▶ **Dataset excerpt**
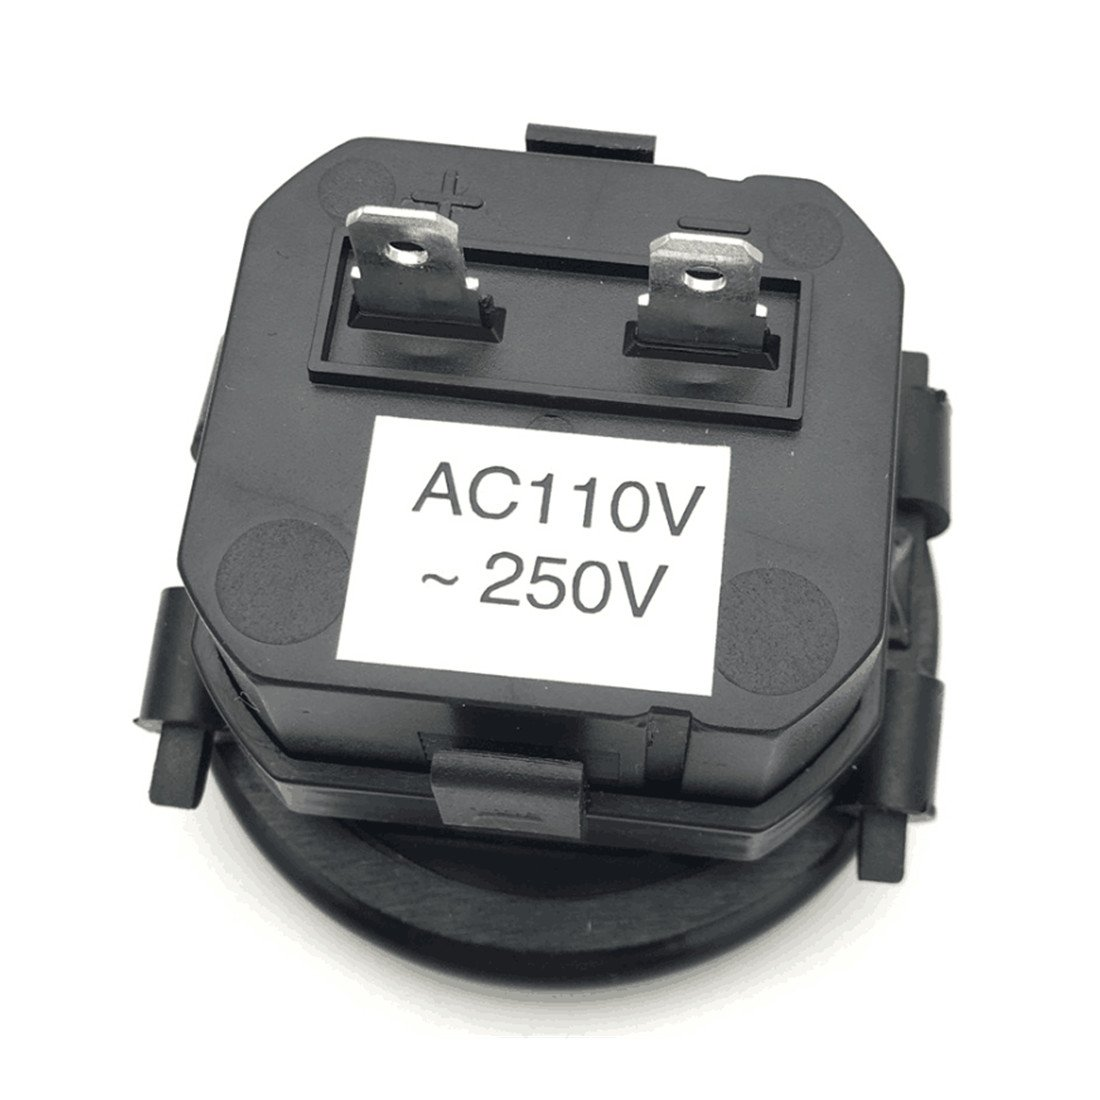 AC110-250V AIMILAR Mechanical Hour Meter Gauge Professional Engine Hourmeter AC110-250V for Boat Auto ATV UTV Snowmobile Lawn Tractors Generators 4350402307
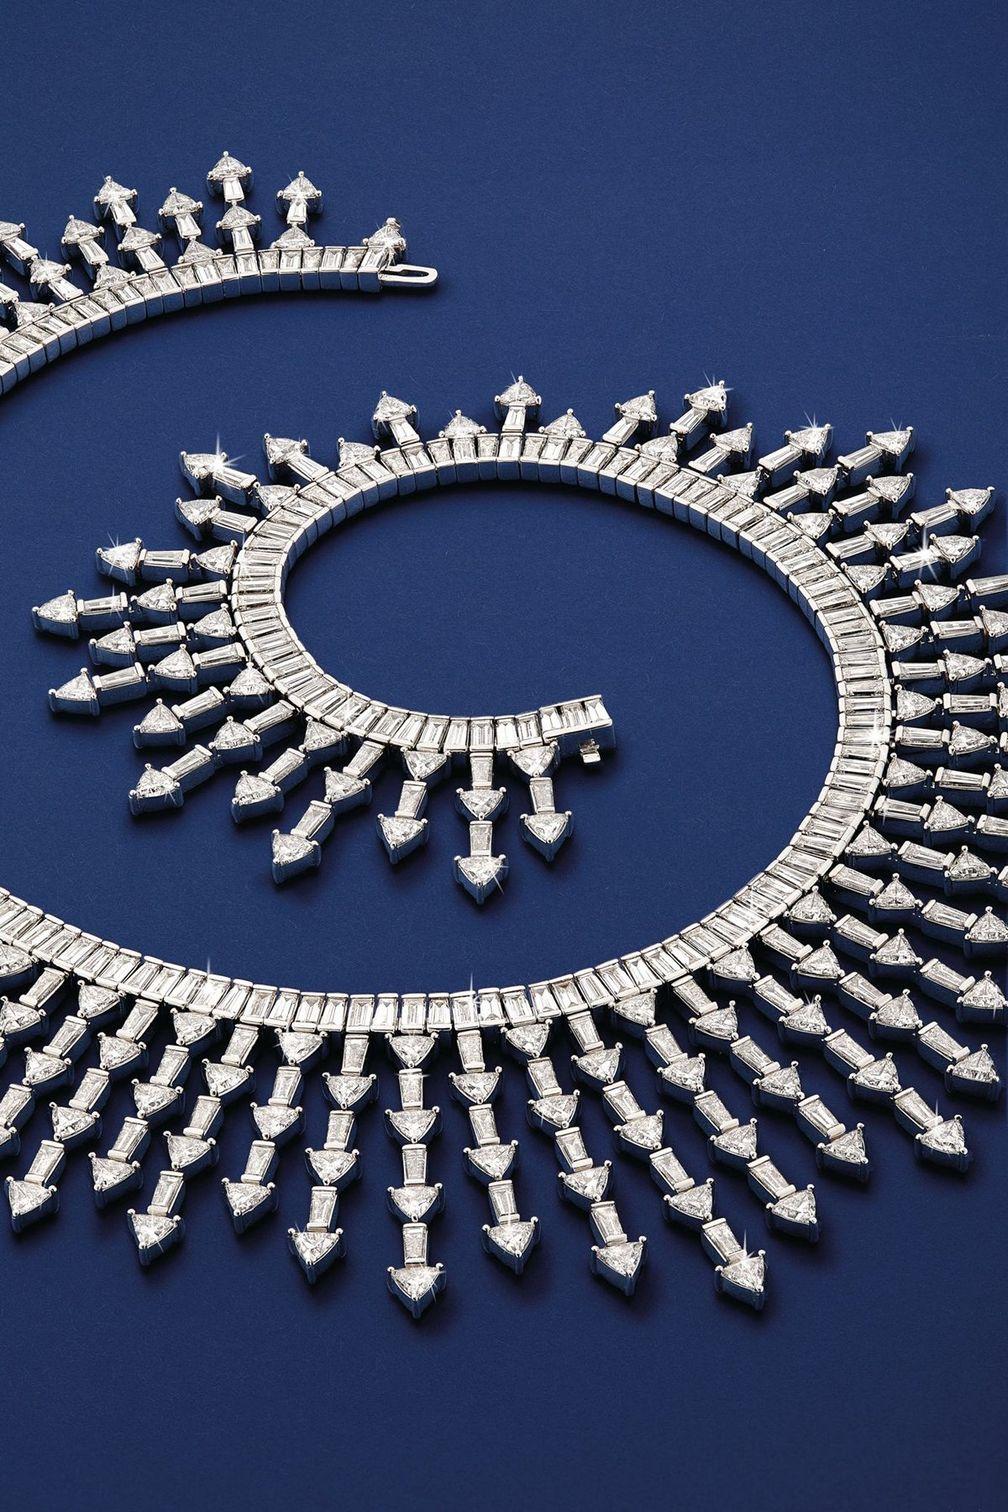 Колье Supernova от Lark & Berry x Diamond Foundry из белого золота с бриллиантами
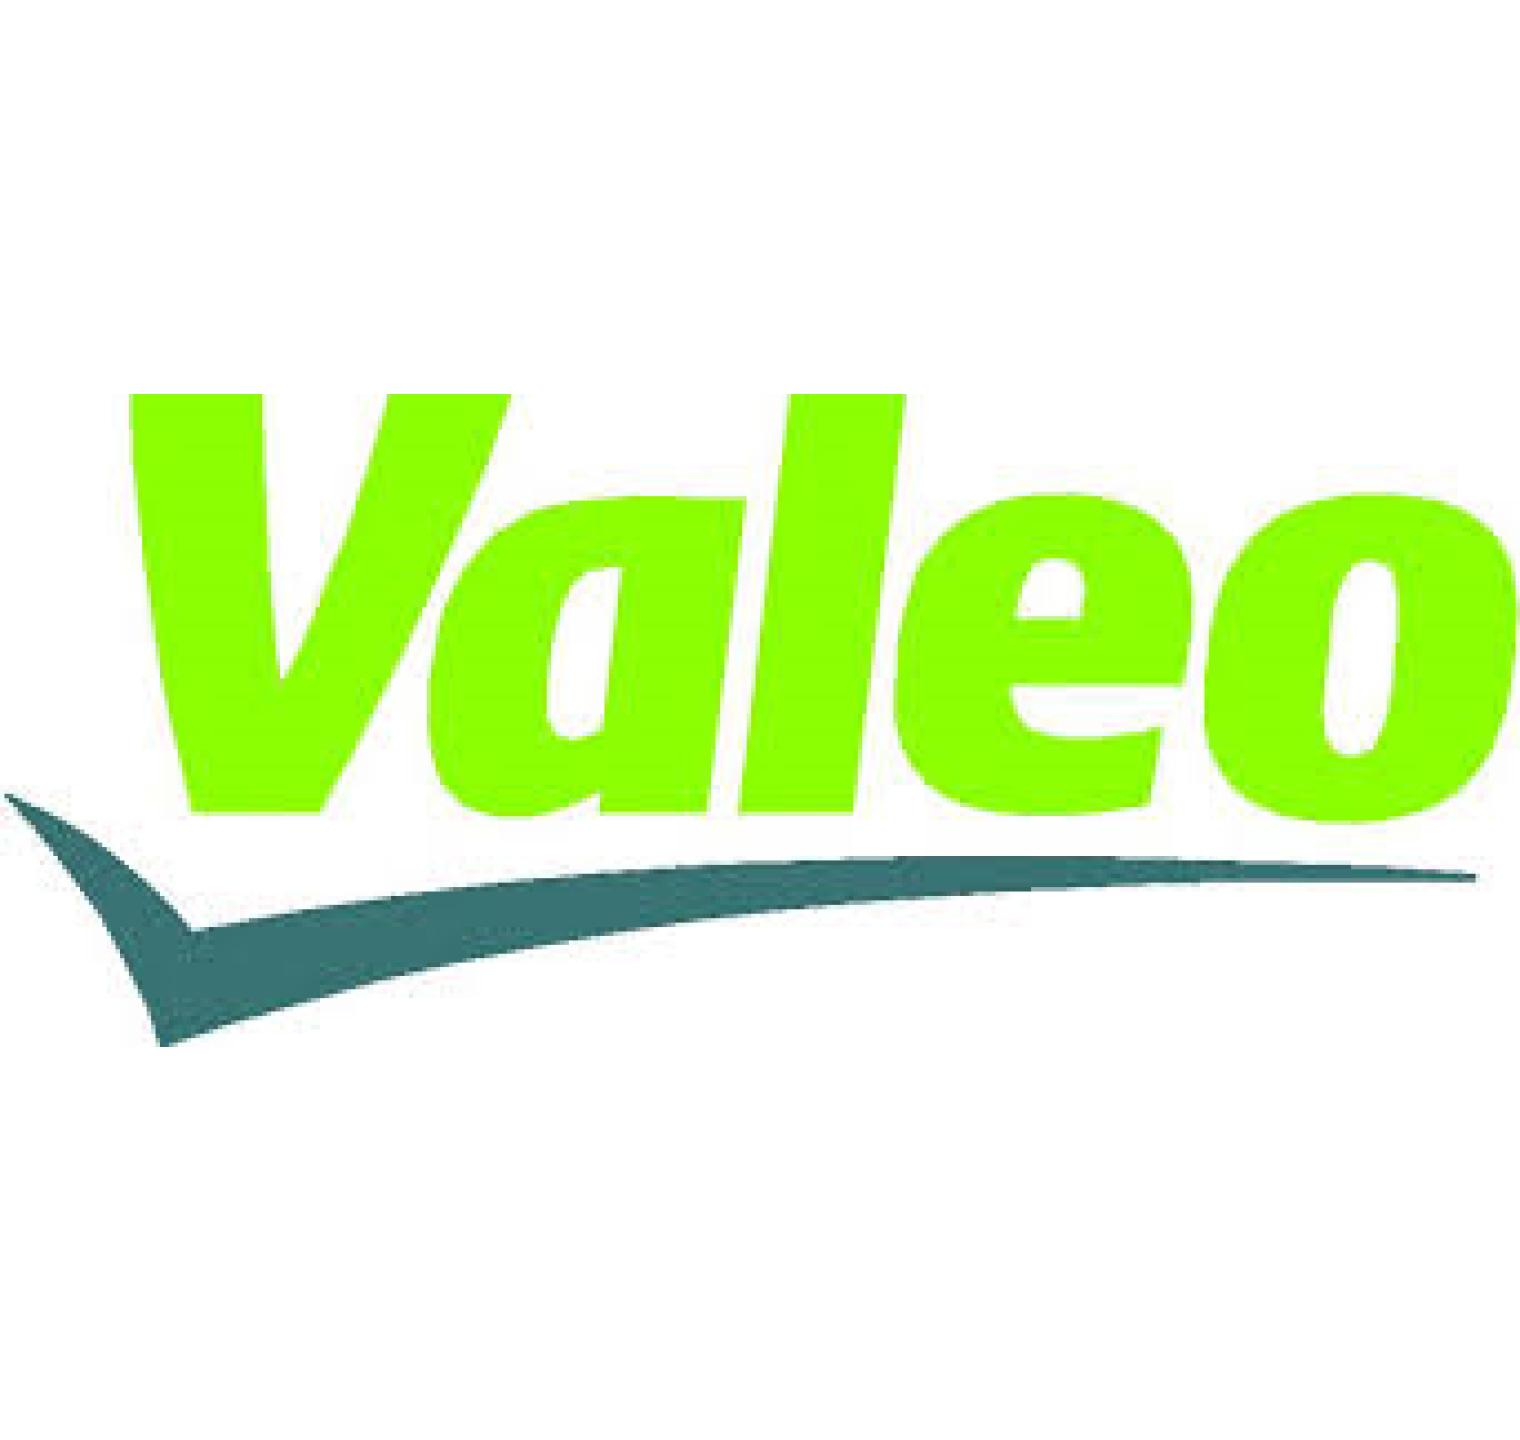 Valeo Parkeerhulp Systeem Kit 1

▶ **Problem to solve**
Please return, exactly and with pictures omitted, the lines from the line holding "Колье Supernova от" through the end of the data above, inclusive.

▶ **Output below**
 Колье Supernova от Lark & Berry x Diamond Foundry из белого золота с бриллиантами
 Valeo Parkeerhulp Systeem Kit 1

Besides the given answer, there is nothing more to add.